The idea is simple, built a class that wraps any object, and which adds the INotifyPropertyChanged and IDataErrorInfo interfaces to it. Normally this would require wrapping the instance, implementing the interfaces and raising the PropertyChanged event in each property’s setter. But using DynamicObject and late binding syntax (dynamic variable declaration) you can save a lot of time by using a little reflection on the wrapped object.

This technique shines when using MVVM, because this pattern works best (even requires) entities to support INotifyPropertyChanged correctly…

DynamicObject has a range of methods used by late binding, and in this wrapper I use the TryGetMember and TrySetMember methods. When you databind to this object, and you bind it to a certain property, then databinding will use TryGetMember to get the properties value, and TrySetMember to update it.

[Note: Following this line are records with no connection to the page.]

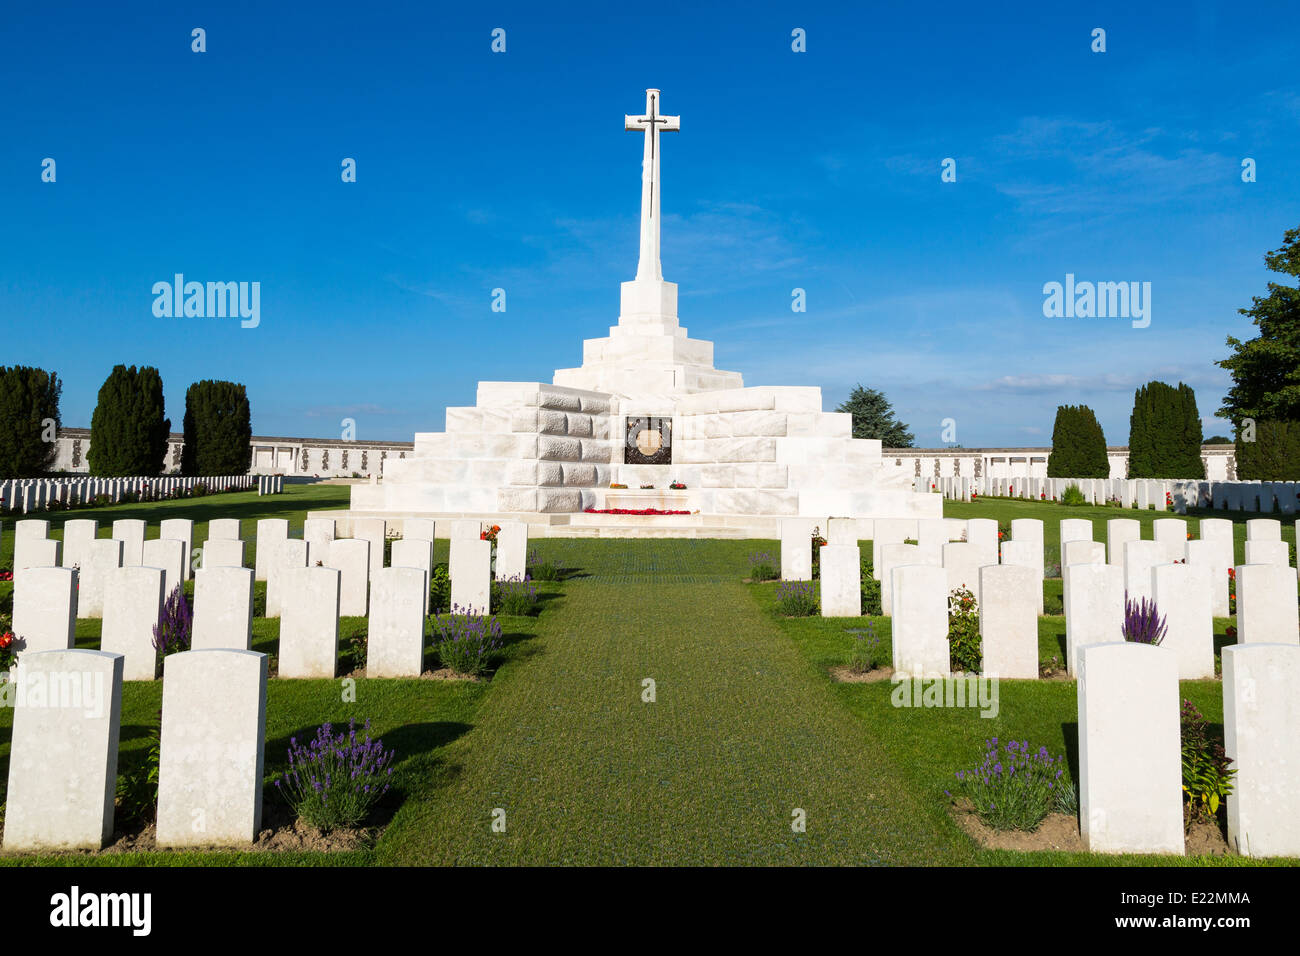 La Première Guerre mondiale de Tyne Cot Cemetery, le plus grand cimetière de guerre britannique dans le monde. près d'Ypres, Flandre, Zonnebeke, Belgique Banque D'Images
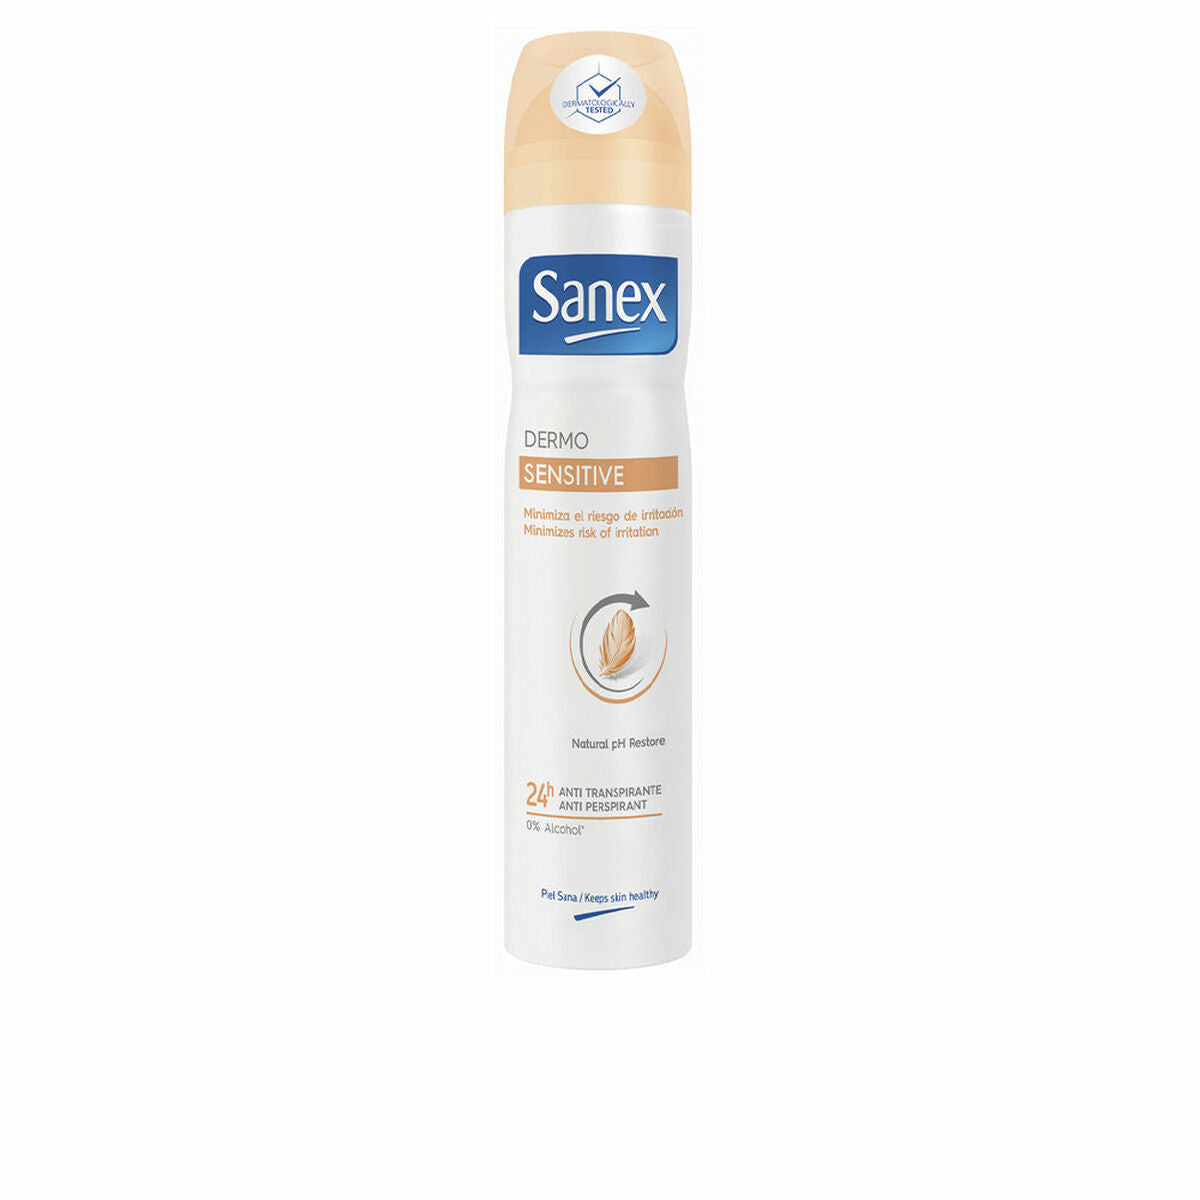 Ψεκάστε το αποσμητικό Sanex Dermo Sensitive 200 ml
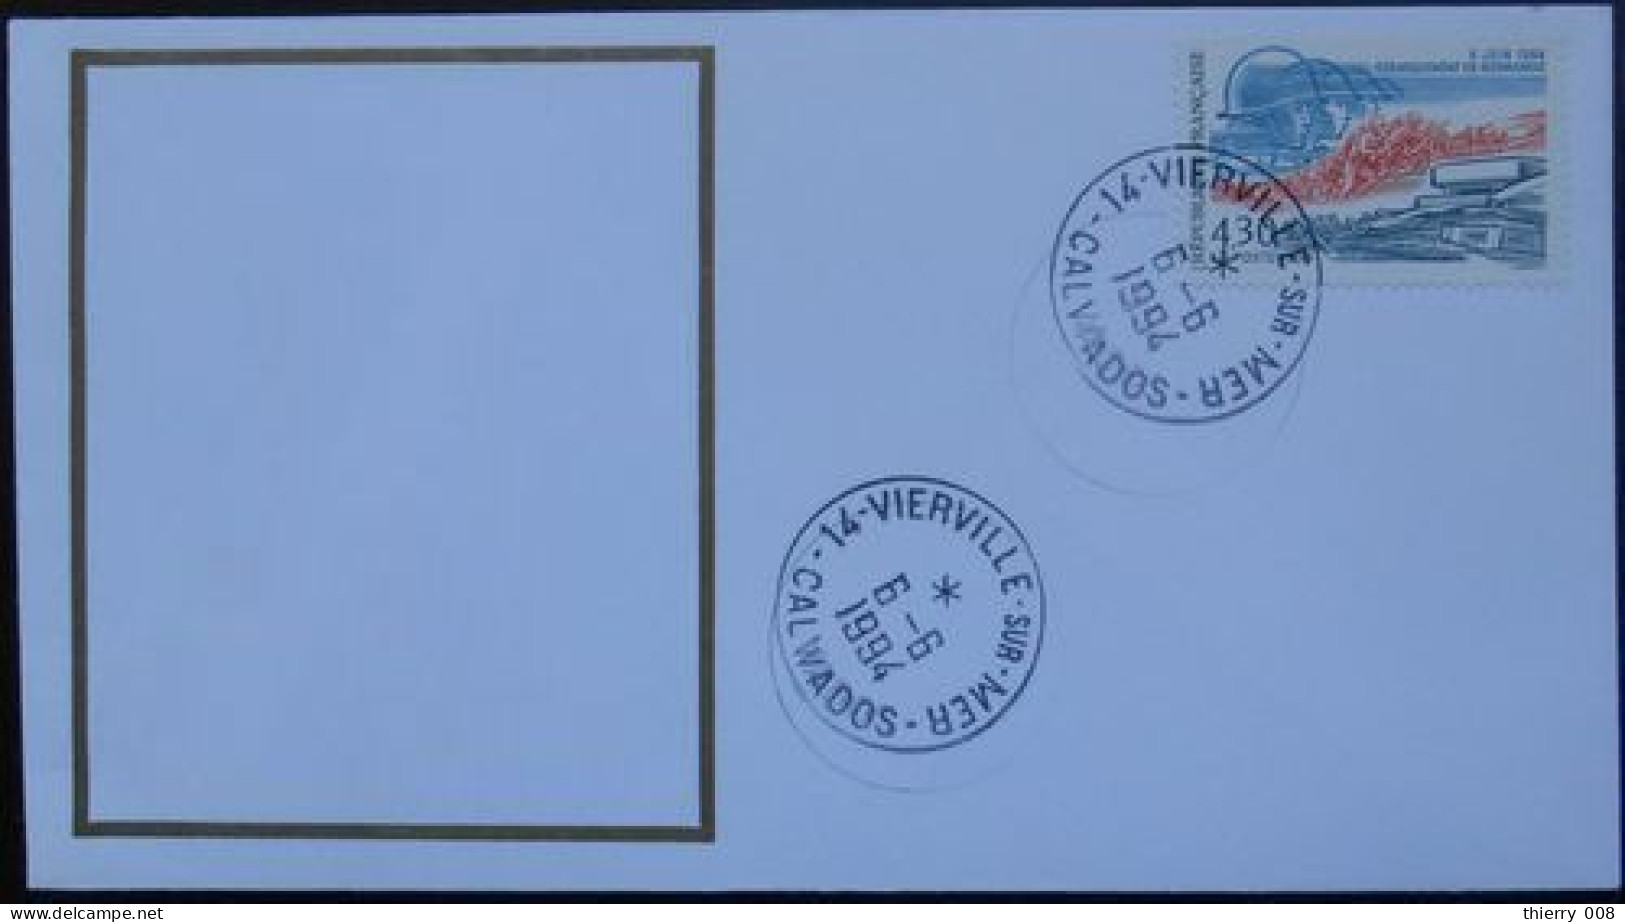 V24 Cachet Temporaire Vierville Sur Mer 14 Calvados Débarquement Libération 6 Juin 1994 - Manual Postmarks
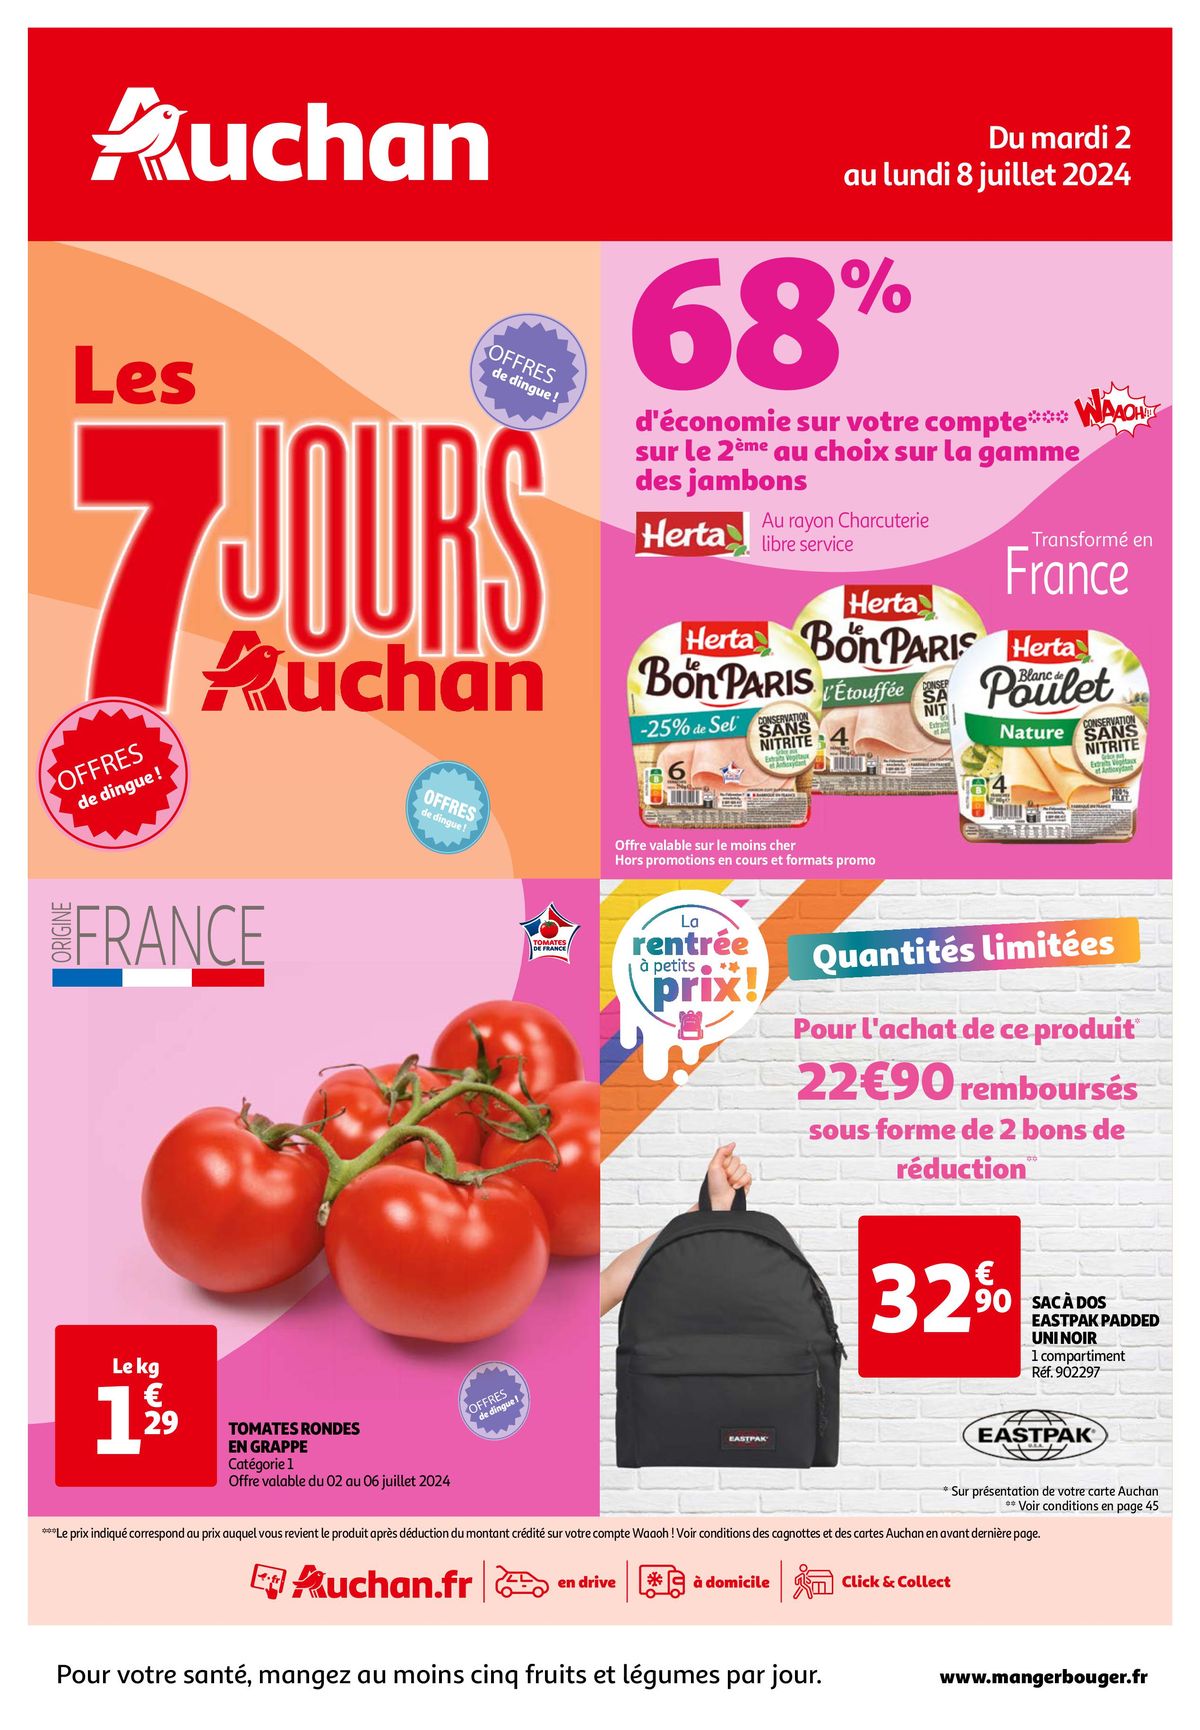 Catalogue Les 7 jours Auchan, c'est maintenant !, page 00001

Let'’s start with the class declaration:

public class EntityViewModel<T>
  : DynamicObject, INotifyPropertyChanged, IDataErrorInfo
 

Next we need to add the TryGetMember and TrySetMember methods. Both receive the property name through the binder argument:

public override bool TryGetMember(GetMemberBinder binder, out object result)
{
  PropertyInfo pi = AssertProperty(binder.Name);
  if (pi != null)
  {
    result = pi.GetValue(model, null);
    return true;
  }
  result = null;
  return false;
}

public override bool TrySetMember(SetMemberBinder binder, object value)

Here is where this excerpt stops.